Histograms and Frequency Polygons.
Histograms and frequency polygons display the distribution of data in a data set by plotting the frequency (count or percentages) of observations (y-axis) for each interval represented on the x-axis. In both histograms and frequency polygons, the y-axis must begin at 0 and should not be broken, and the x-axis is a continuous, quantitative scale. Histograms use continuous bars of equal widths determined by the x-axis intervals, where bar height represents frequency (Example F5).
Frequency polygons use data markers to represent frequency connected by a curve. Data distributions from 2 data sets that overlap can be plotted in a frequency polygon but not in a histogram (Example F6).

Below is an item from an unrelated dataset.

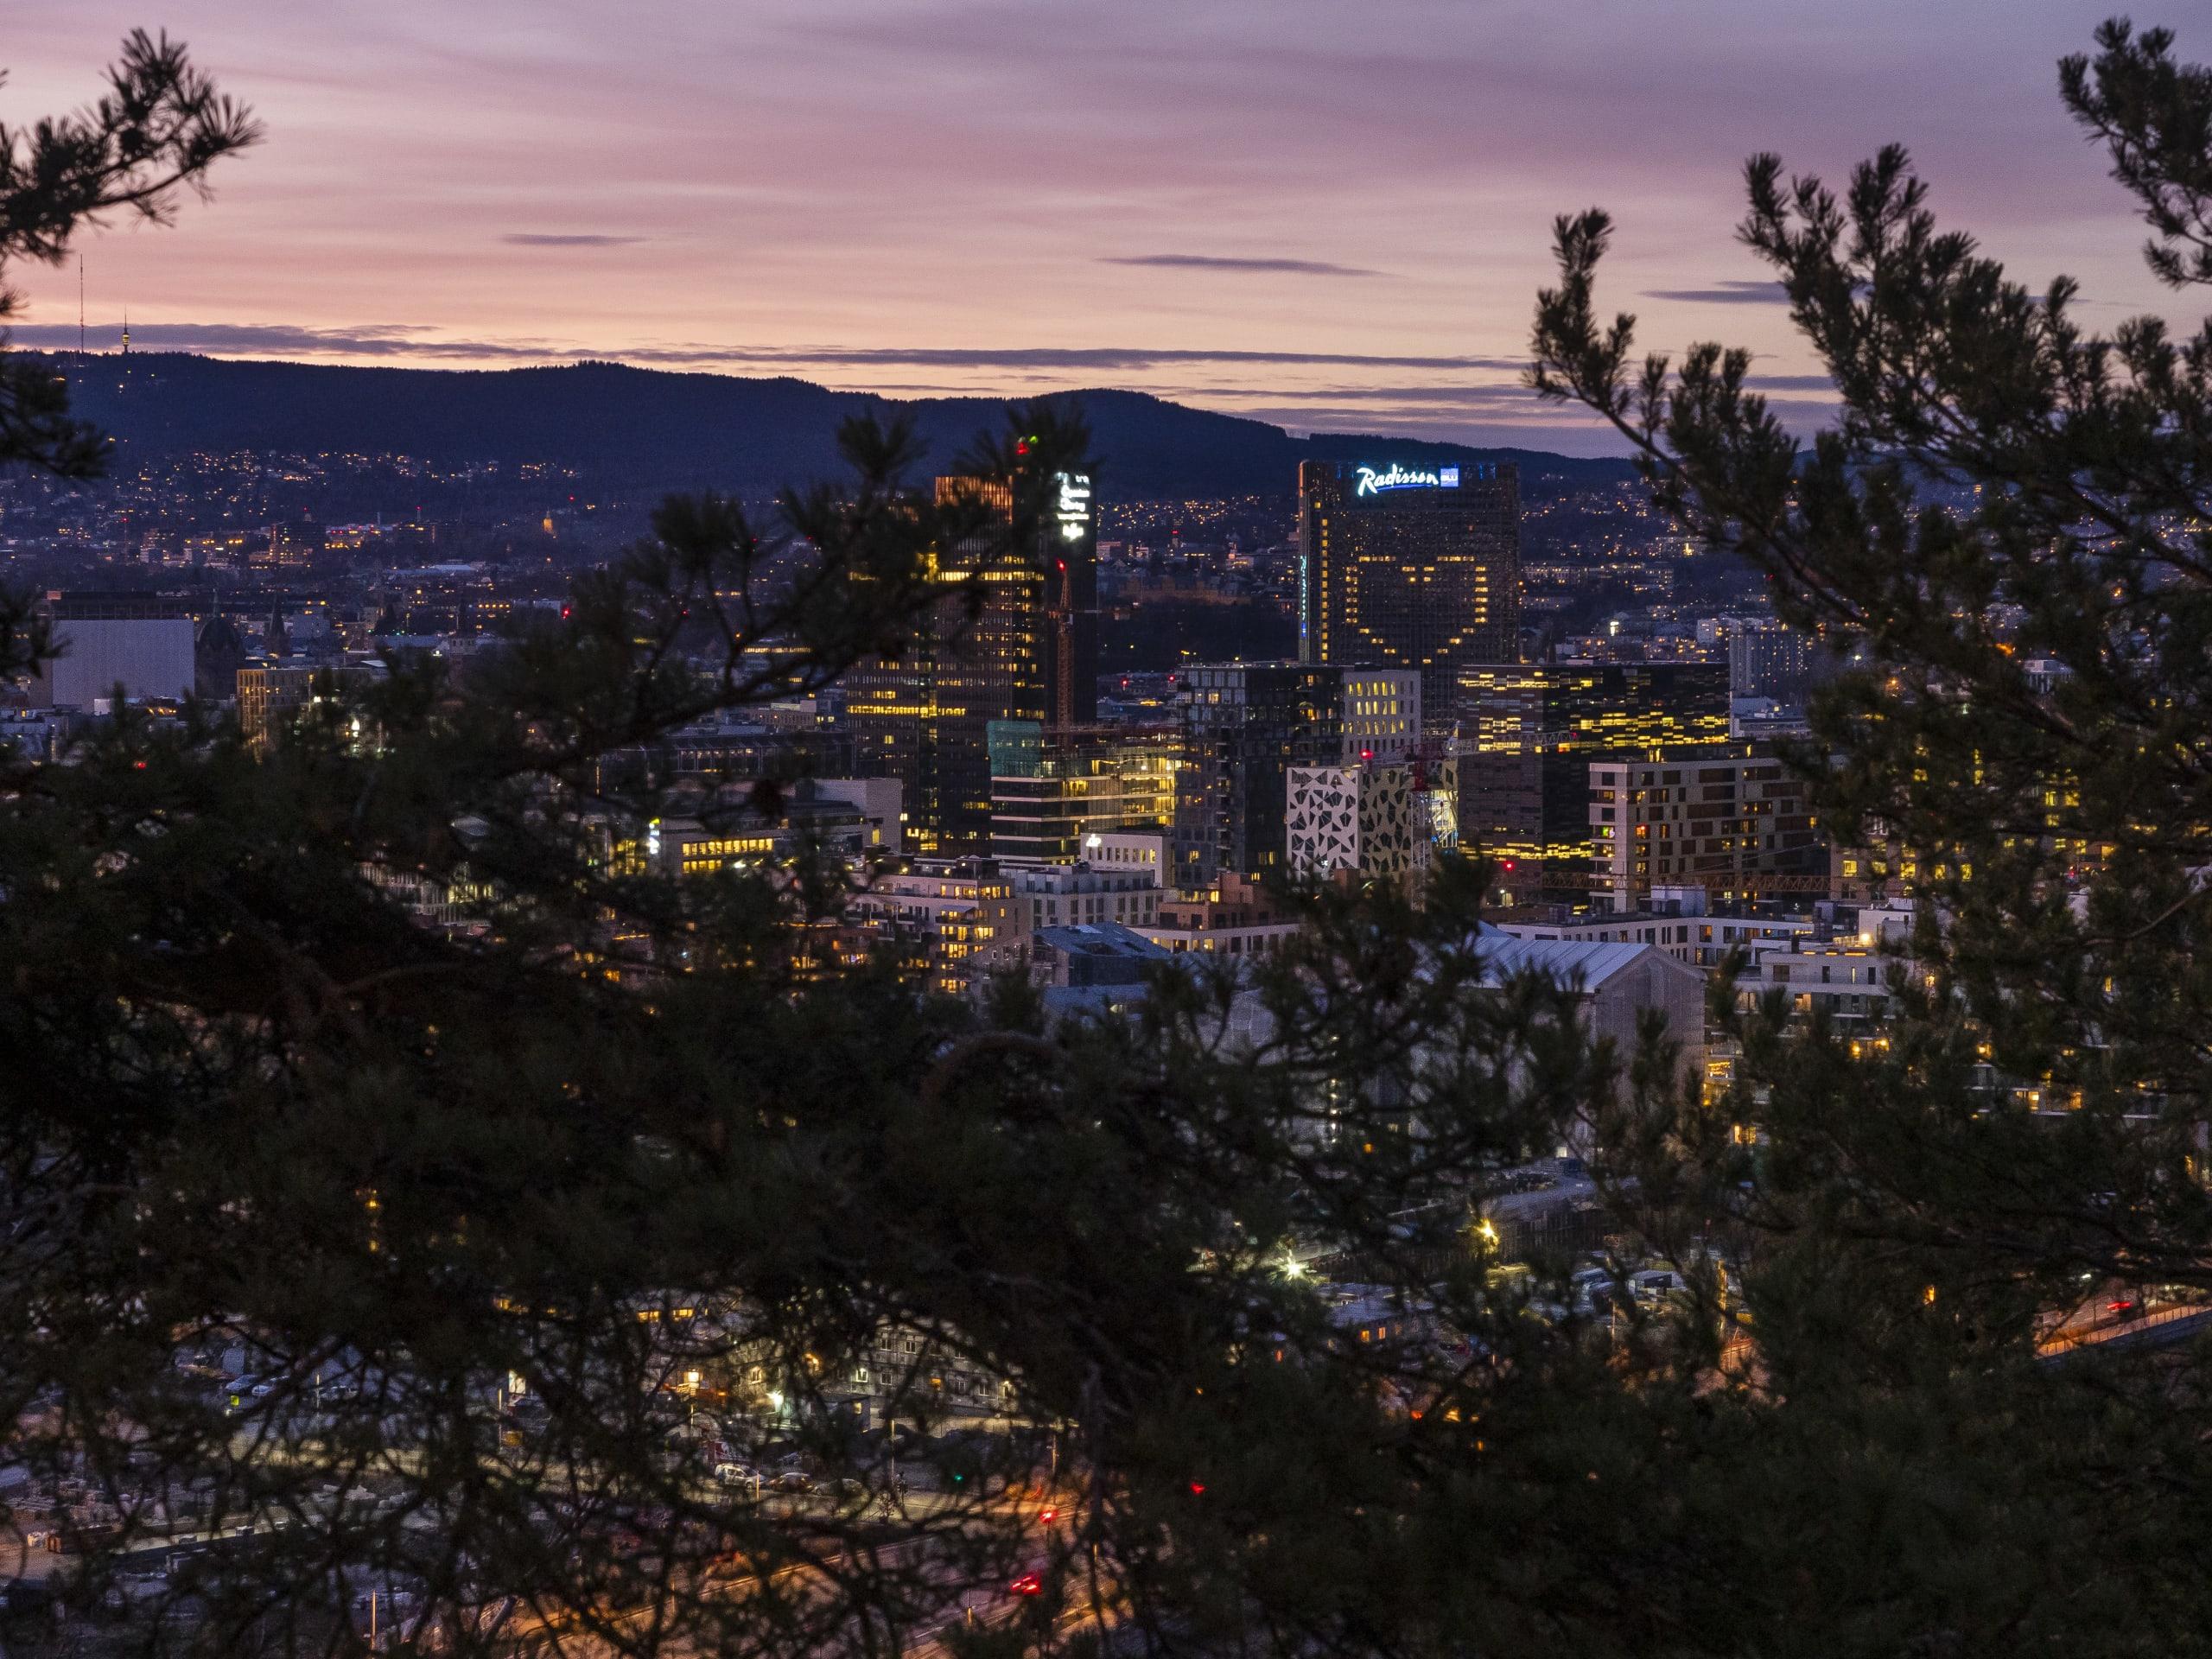 Ekeberg sculpture park in Oslo

Bar graphs have a single axis and are used to display frequencies (counts or percentages) on the axis according to categories shown on a baseline. A bar graph is typically vertical, with frequencies shown on a vertical y-axis (Example F7), but may be horizontal (Example F8). Data in each category are represented by a bar. Bars should have the same width, be separated by a space, and be wider than the space between them. Bar lengths are proportional to frequency, the scale on the frequency axis should begin at 0, and the axis should not be broken. All bars must have a common baseline to facilitate comparison.5 Categories of data should be presented in logical order and consistently with other figures and tables in the article. The baseline of a bar graph is not a coordinate axis and therefore should not have tick marks.

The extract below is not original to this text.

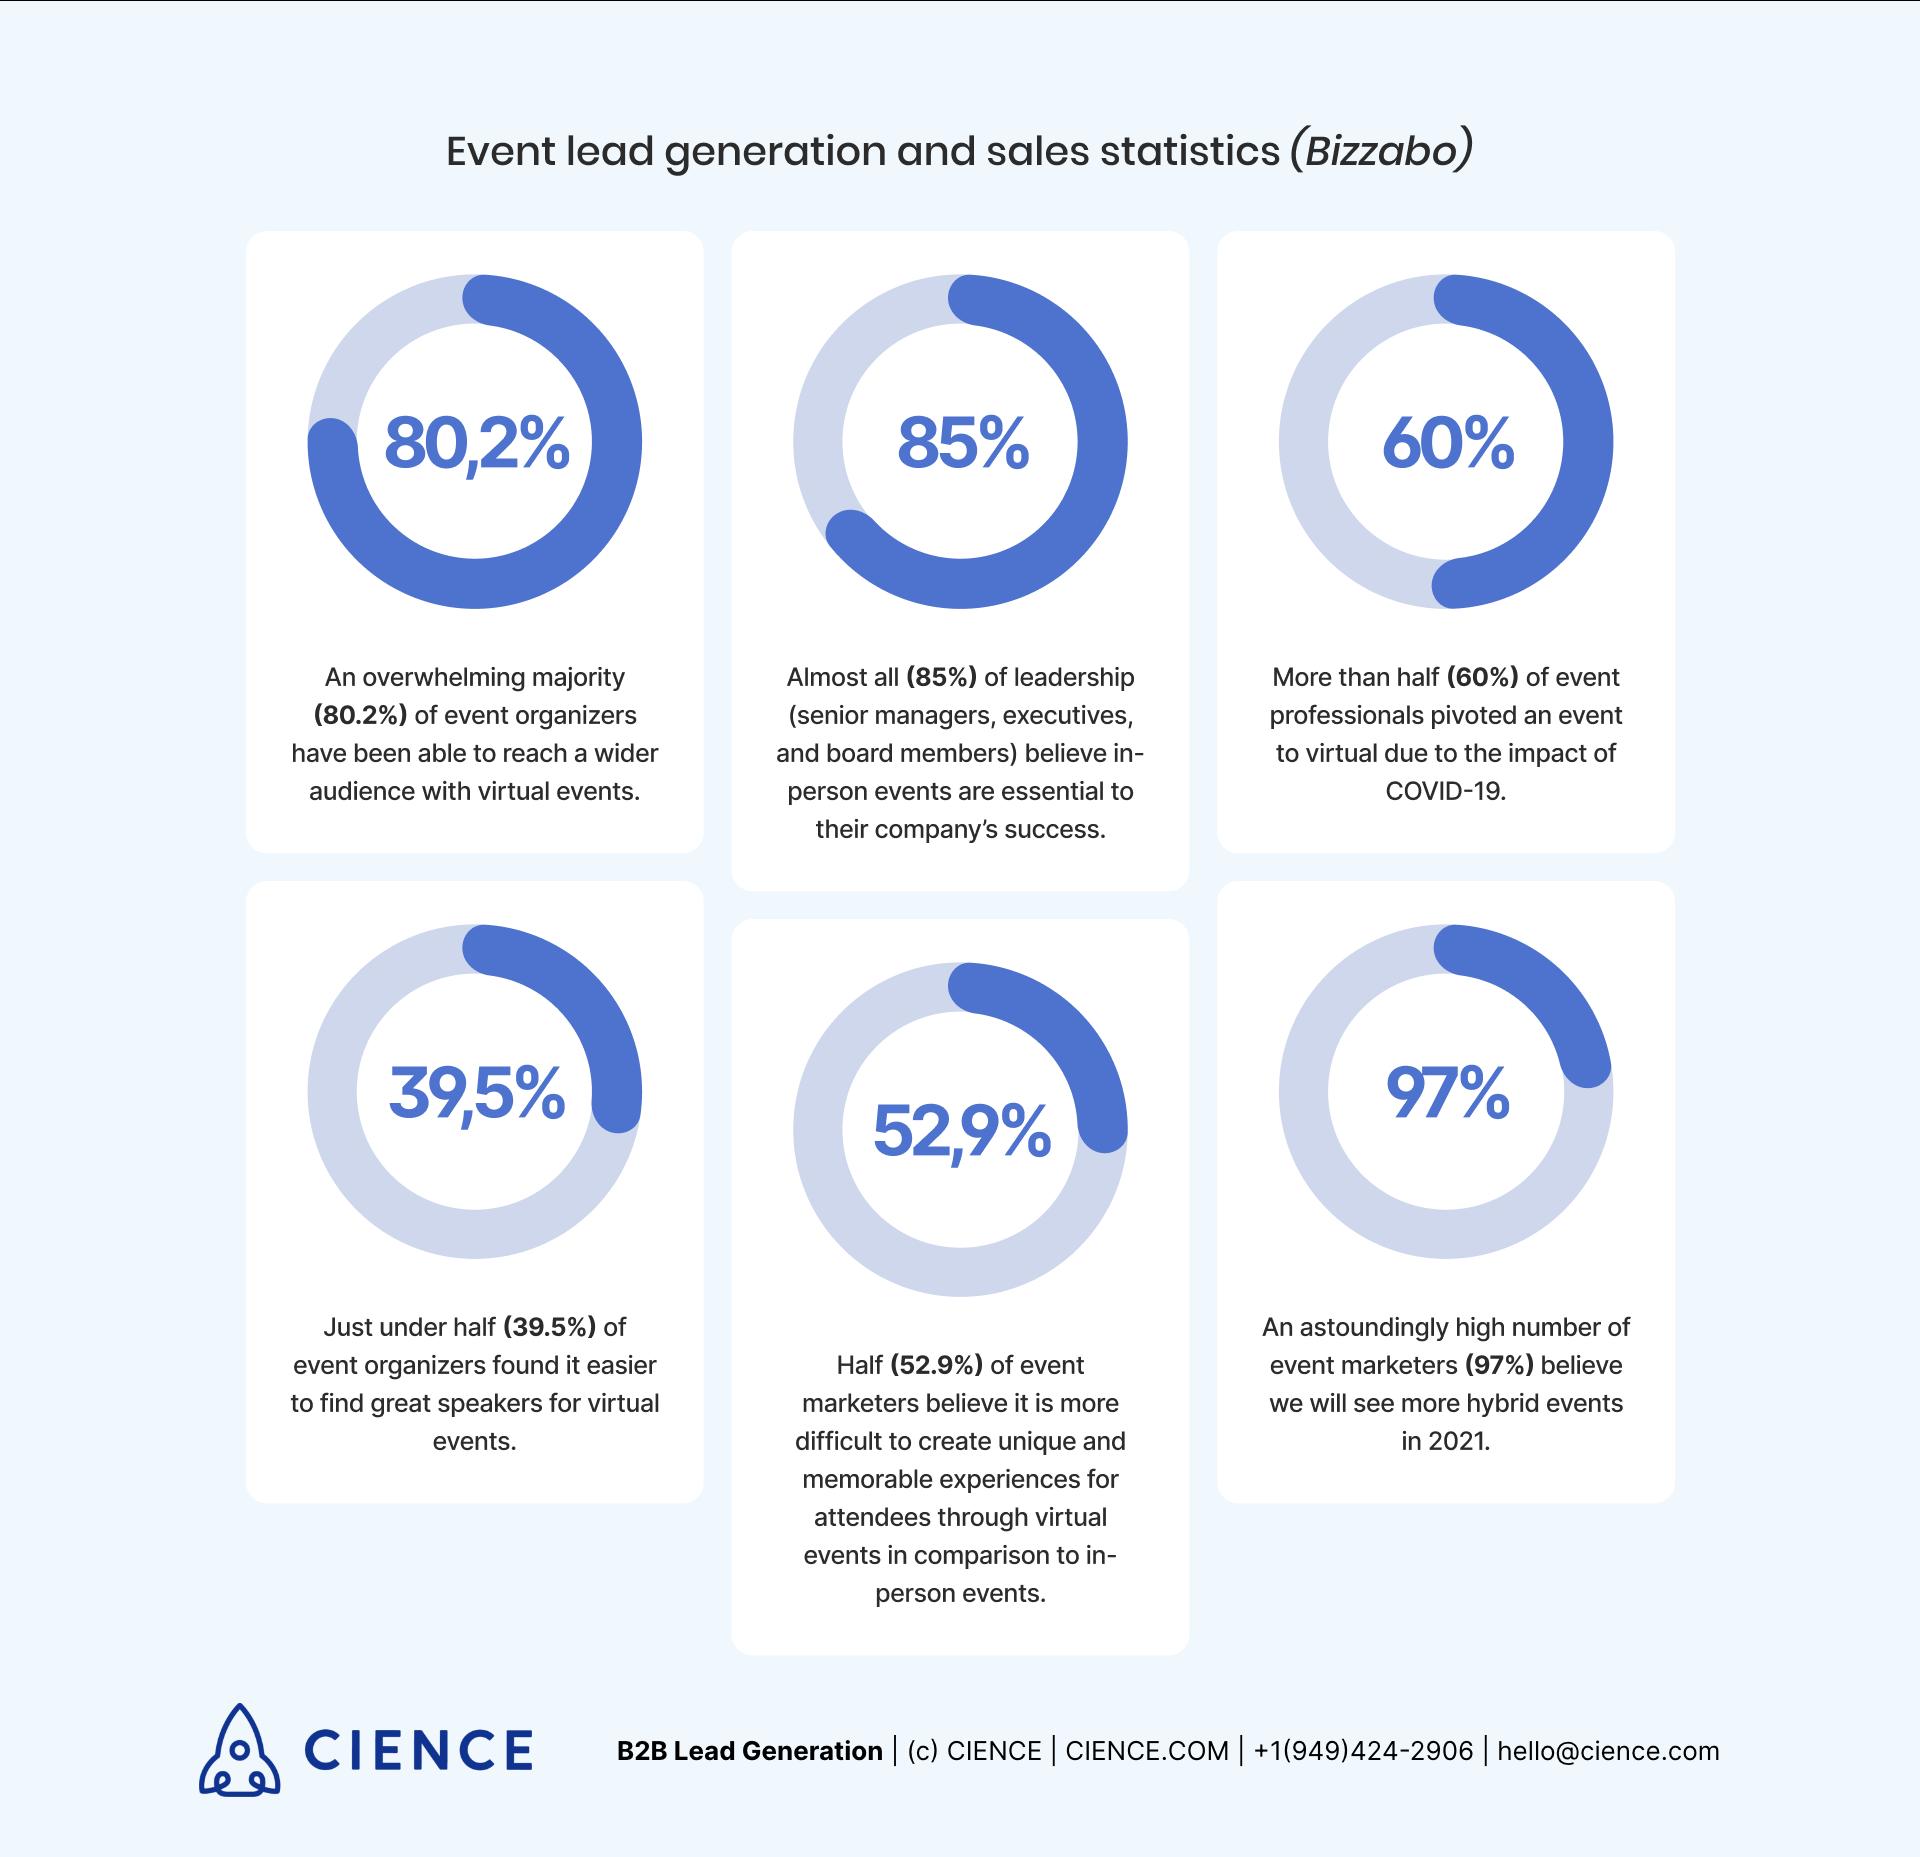 Event lead generation and sales statistics

Bar graphs may be used to compare frequencies between groups. In most cases, the number of bars in a grouped bar graph should not exceed 3. Colors or tones used to designate each group should be distinct. To ensure that bars in black-and-white figures are distinguishable, a contrast in shading of at least 30% for adjacent bars is suggested. Color or shades of gray should be used instead of patterns and cross-hatching (eg, diagonal lines) on bars.
Component Bar Graph.
Component bar graphs (or divided bar graphs) display the proportion of components constituting the total group, represented by the whole bar (Example F9A). Individual components are designated by distinguishing formats, such as different shading. When possible, it is preferable to use clusters of individual bars to represent each component (Example F9B) because the only values easily interpreted in a component bar graph are the total and the end segments.5
Like the component bar graph, pie charts compare relationships among component parts. Categories are represented by sections, with the area of the section being proportional to the relative frequency of each category. Pie charts are used commonly in publications intended for lay audiences but should be avoided in scientific publications.6 The angular areas of the individual components of pie charts may be difficult to compare between pie charts. Usually, data depicted in pie charts can be summarized in the text or in a table.7
Dot (Point) Graph.
Dot or point graphs display quantitative data other than counts or frequencies on a single scaled axis according to categories on a baseline (the scaled axis may be horizontal or vertical). Like that in bar graphs, the baseline does not represent a scale and therefore does not contain tick marks. Point estimates are represented by discrete data markers, preferably with error bars to designate variability (Example F10) or box and whisker symbols (Example F11). Dot or point graphs may be used to compare data between study groups, including positive and negative data values relative to a centrally located 0 baseline (“derivation graph”), paired data fromsingle individuals (Example F12), or pooled data in meta-analyses and other analyses that combine data from individual studies (Example F13).